══ Data to examine

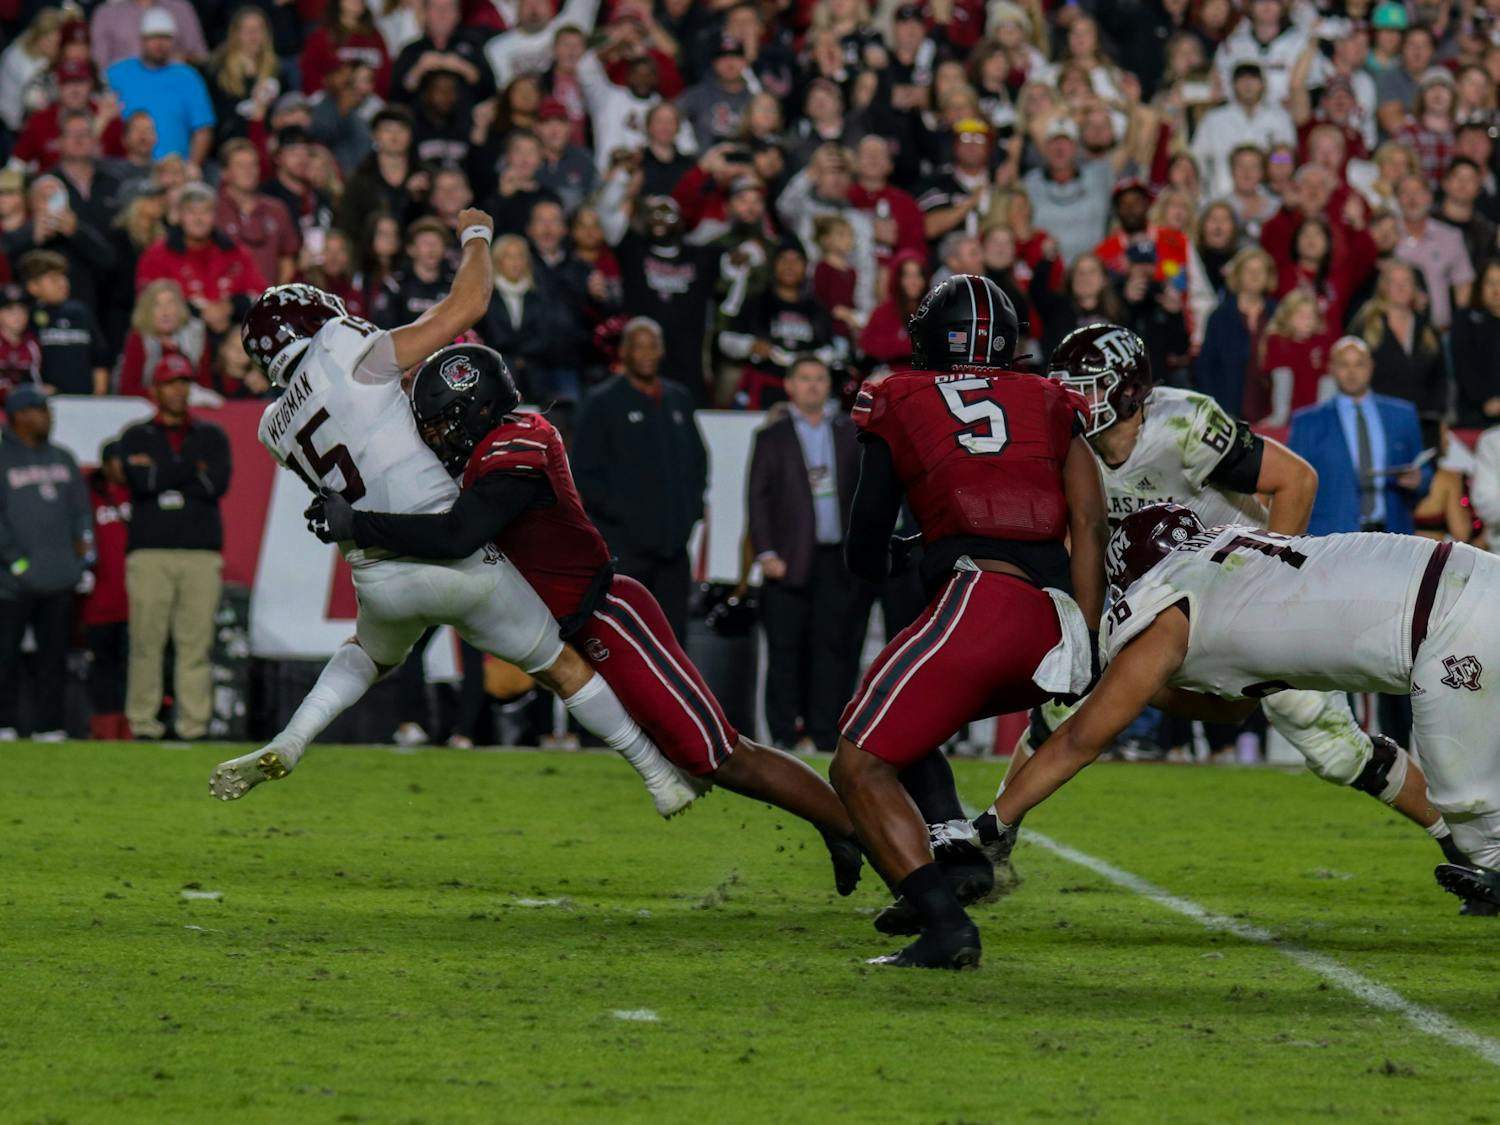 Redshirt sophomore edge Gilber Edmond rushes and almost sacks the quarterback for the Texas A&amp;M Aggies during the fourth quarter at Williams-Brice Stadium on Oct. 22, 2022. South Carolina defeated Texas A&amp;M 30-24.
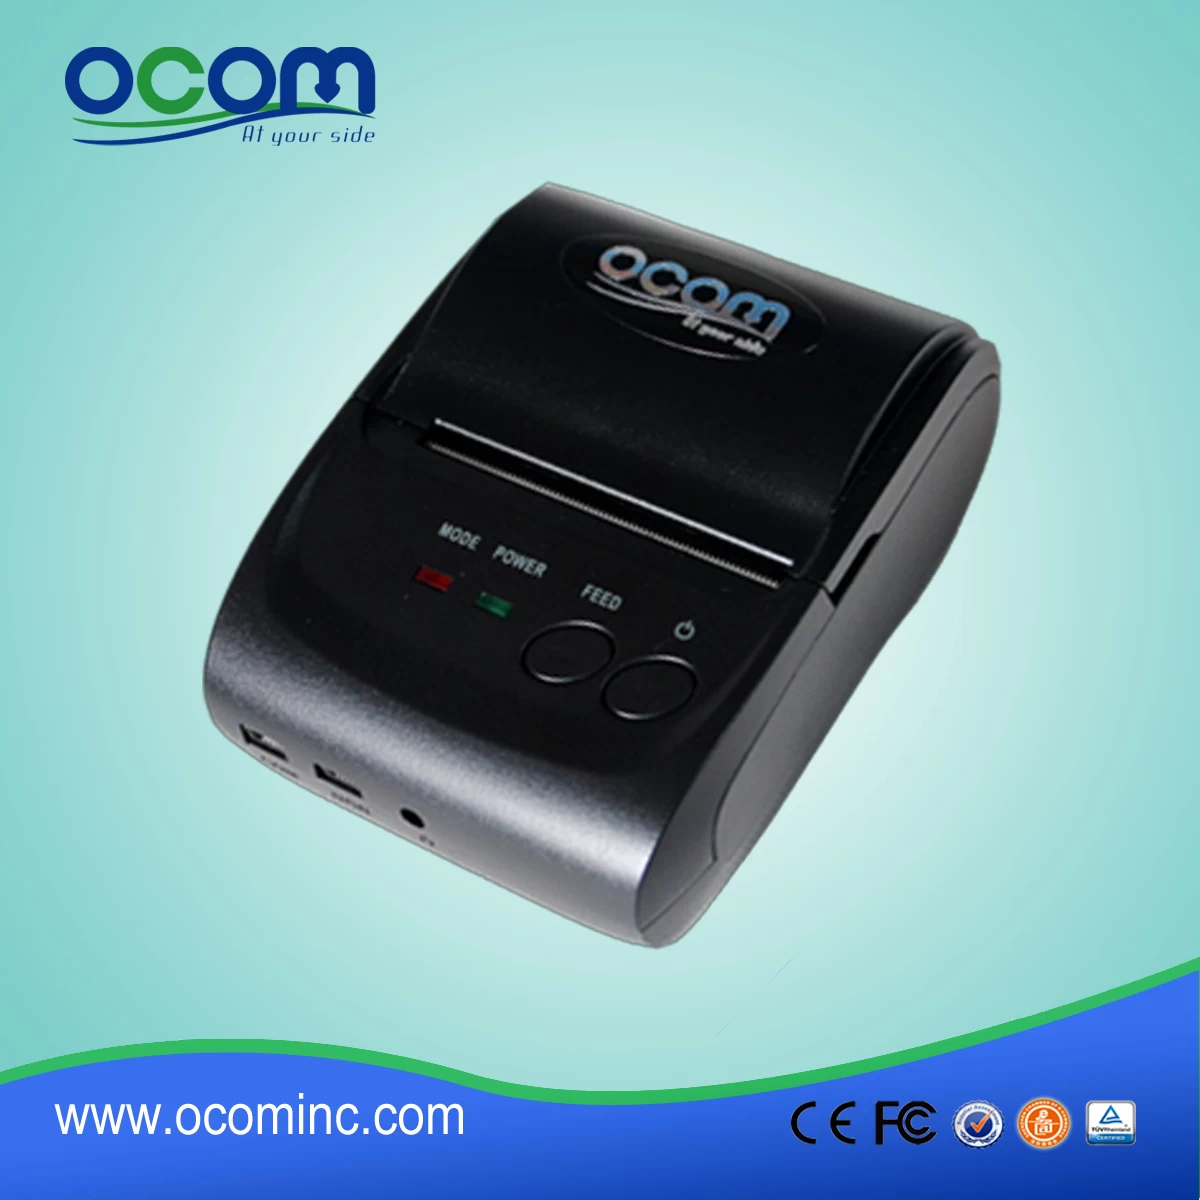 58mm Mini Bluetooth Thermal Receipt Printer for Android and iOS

════
══ Data to examine

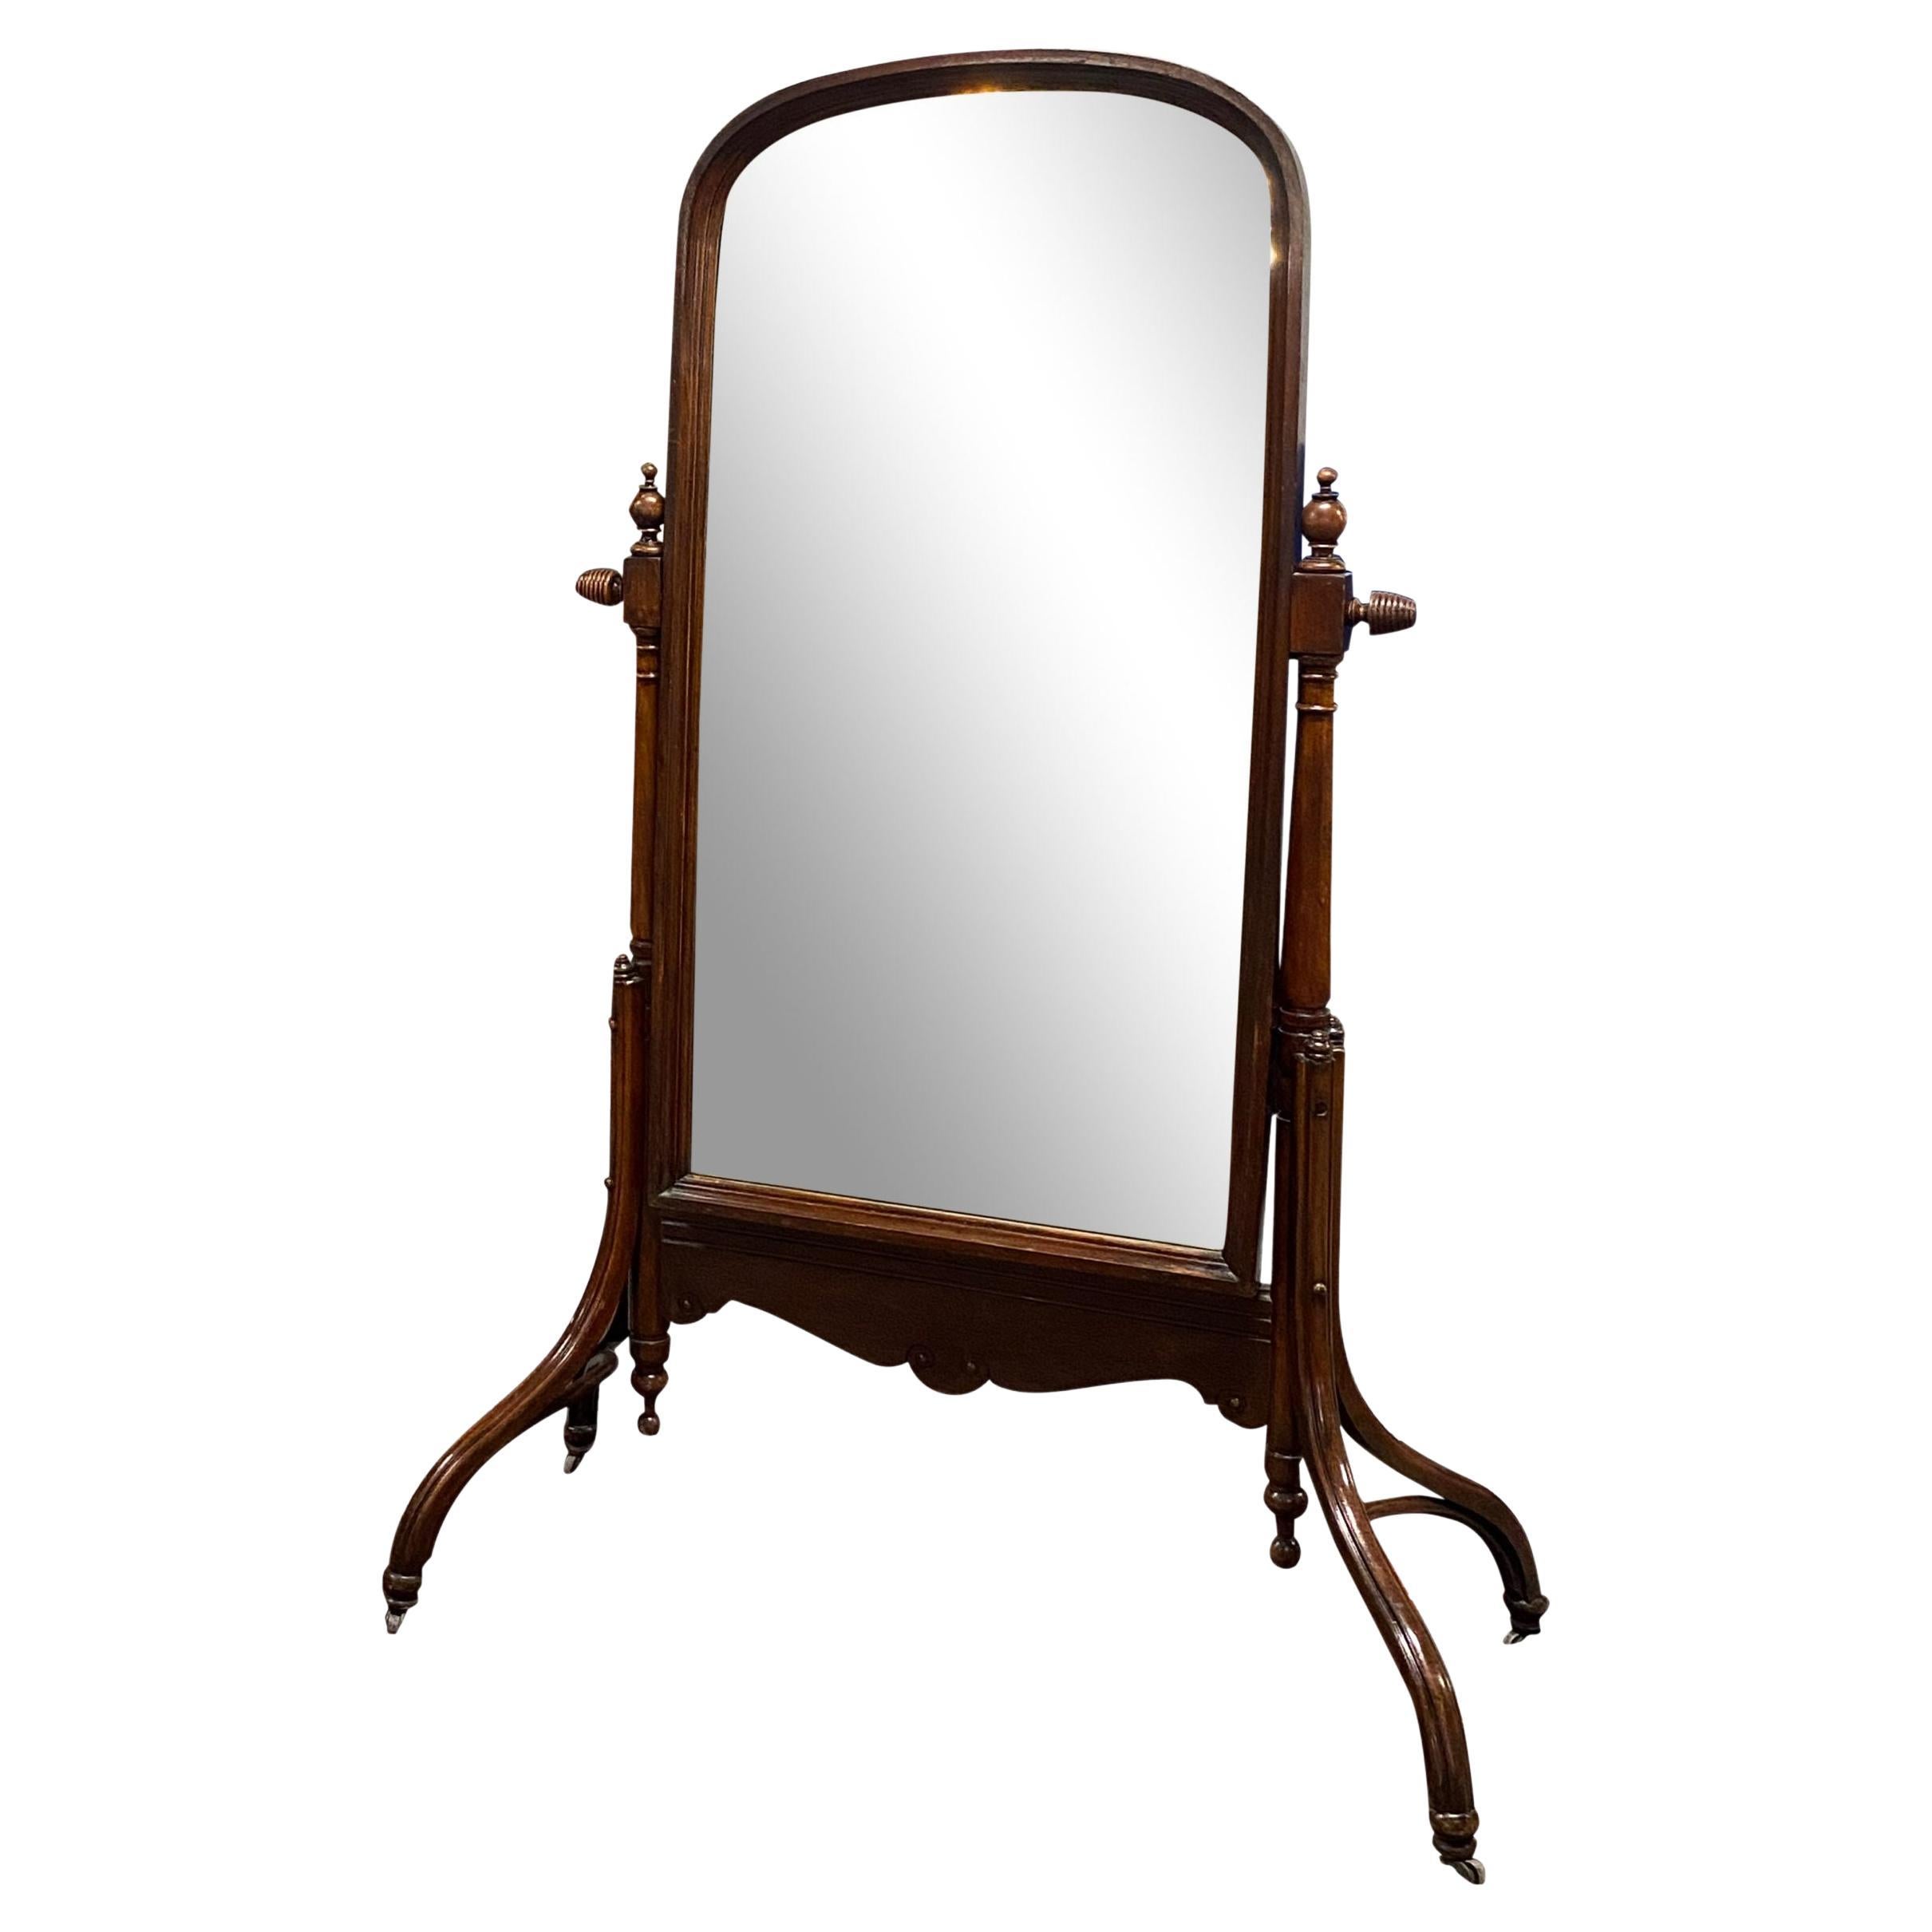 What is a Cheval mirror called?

════
══ Data to examine

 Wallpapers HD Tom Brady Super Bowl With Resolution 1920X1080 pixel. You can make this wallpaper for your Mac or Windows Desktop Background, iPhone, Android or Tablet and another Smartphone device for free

════

**Task item**
Copy only this from above: the line containing "Redshirt sophomore edge", the line containing "58mm Mini Bluetooth", and all lines between, printed exactly. Leave out the pictures.

**The completed task**
 Redshirt sophomore edge Gilber Edmond rushes and almost sacks the quarterback for the Texas A&amp;M Aggies during the fourth quarter at Williams-Brice Stadium on Oct. 22, 2022. South Carolina defeated Texas A&amp;M 30-24.
 58mm Mini Bluetooth Thermal Receipt Printer for Android and iOS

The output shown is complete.